Technicality: The building’s grey water is collected and injected into a filter system. The filter comprises two tanks, one of biowaste and one of sand and stone, which promote bacterial activity to consume pollutants, purifying the water. Water can be collected from the roof when it rains through the gutters and stored in the water tank. The clean water is pumped through the building to the various growing mediums and sinks. The spent water leads back to the water digester, where it can be reused.
Waste digester:
The waste digester can digest the building’s waste products (plant, mycelium, and food waste) into renewable energy (methane gas) and plant fertilizer through composting. This digester is placed on the west side of the building. This is where the public toilets are situated inside a new wall of mycelium, which insulates the space and creates a visually different spatial experience. The building’s waste products are put into a vast compost bag which can expand within its metal construction. Attached to the compost bag are gas tanks that send methane gas through visible pipes to the kitchen. In addition, the slurry can be picked up to be used in the greenhouse or outdoors.
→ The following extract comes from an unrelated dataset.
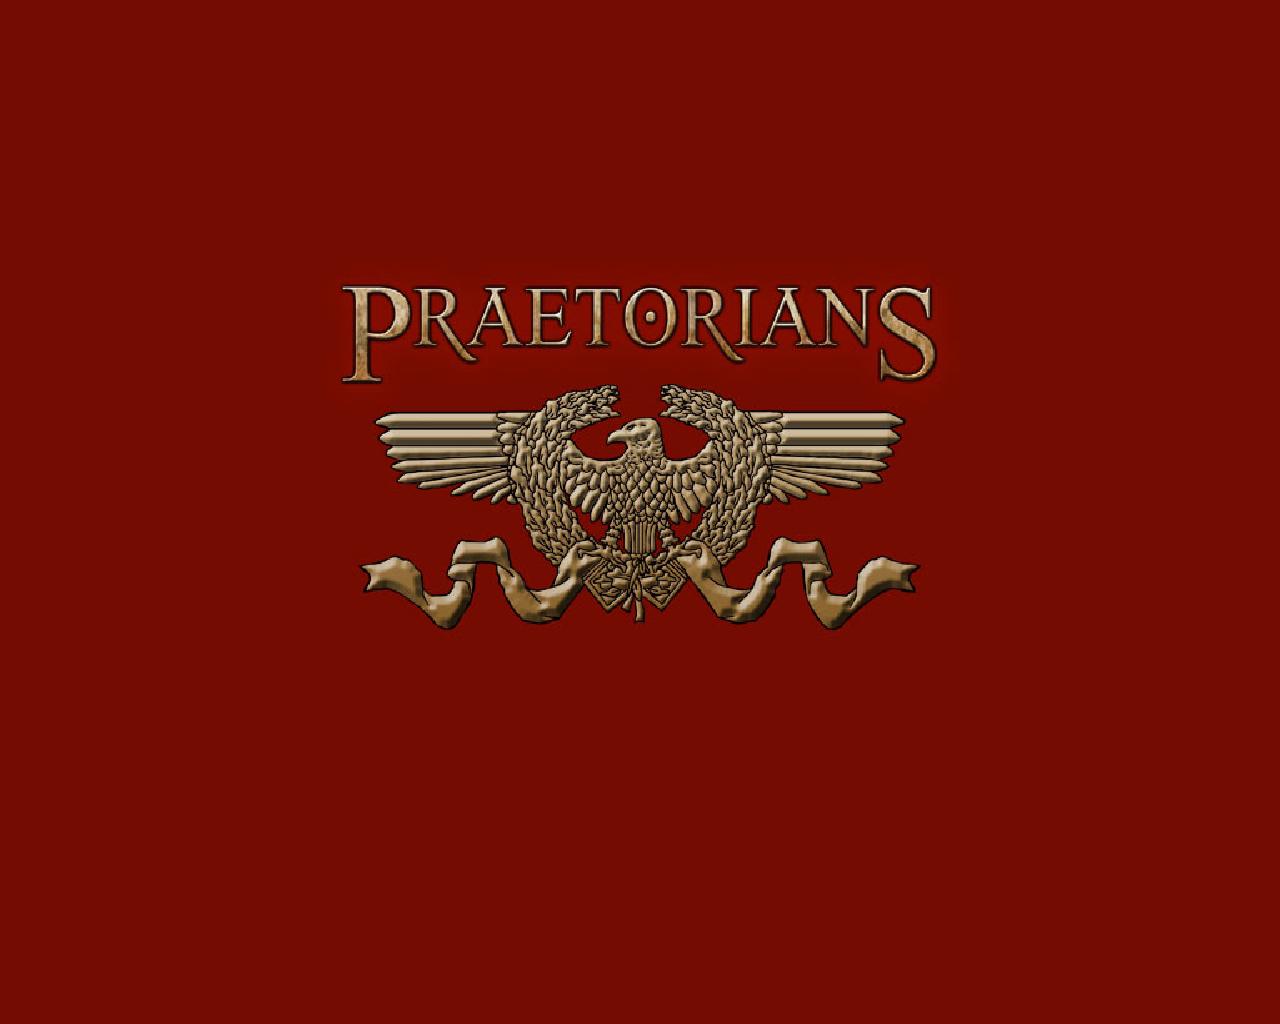 Praetorians_02_1280x1024.jpg

Technicality: The composting breaks down materials naturally through anaerobic digestion. This process is processed by gas-generating bacteria cultures that live off the organic waste, which generates a mixture of methane and carbon dioxide - the metabolic product called biogas. Methane is a colorless, blue-burning gas used for cooking, heating, and lighting. In addition, the digestate or slurry from the digester is rich in ammonium and other nutrients, which makes a proper organic fertilizer in the greenhouse and outdoor farming.
Energy digester
The energy in the building comes from solar panels and a fermentation battery in the energy digester. This digester functions as a kombucha brewery and bar. It is placed at the building’s east entrance. Outside, a big battery bank welcomes visitors into the brewery process in various tanks placed under scoby leather curtains. Further inside, the bar is positioned to be accessed from all around the building. The bar in front of the fermentation battery serves kombucha - a fermented tea made by a symbiotic culture of bacteria and yeast (scoby). The scooby constantly grows, and parts are being dried in the ceiling, creating light brown translucent curtains above the digester.
Technicality: Fermentation is the chemical process in which molecules like glucose are converted to ethanol and carbon dioxide without oxygen (anaerobic) by microorganisms like yeast, fungi, and bacteria. The battery is based on Electro-fermentation, a novel process that electrochemically controls microbial fermentative metabolism with electrodes. The electrodes can act as either electron sinks or sources that allow unbalanced fermentation, which releases energy.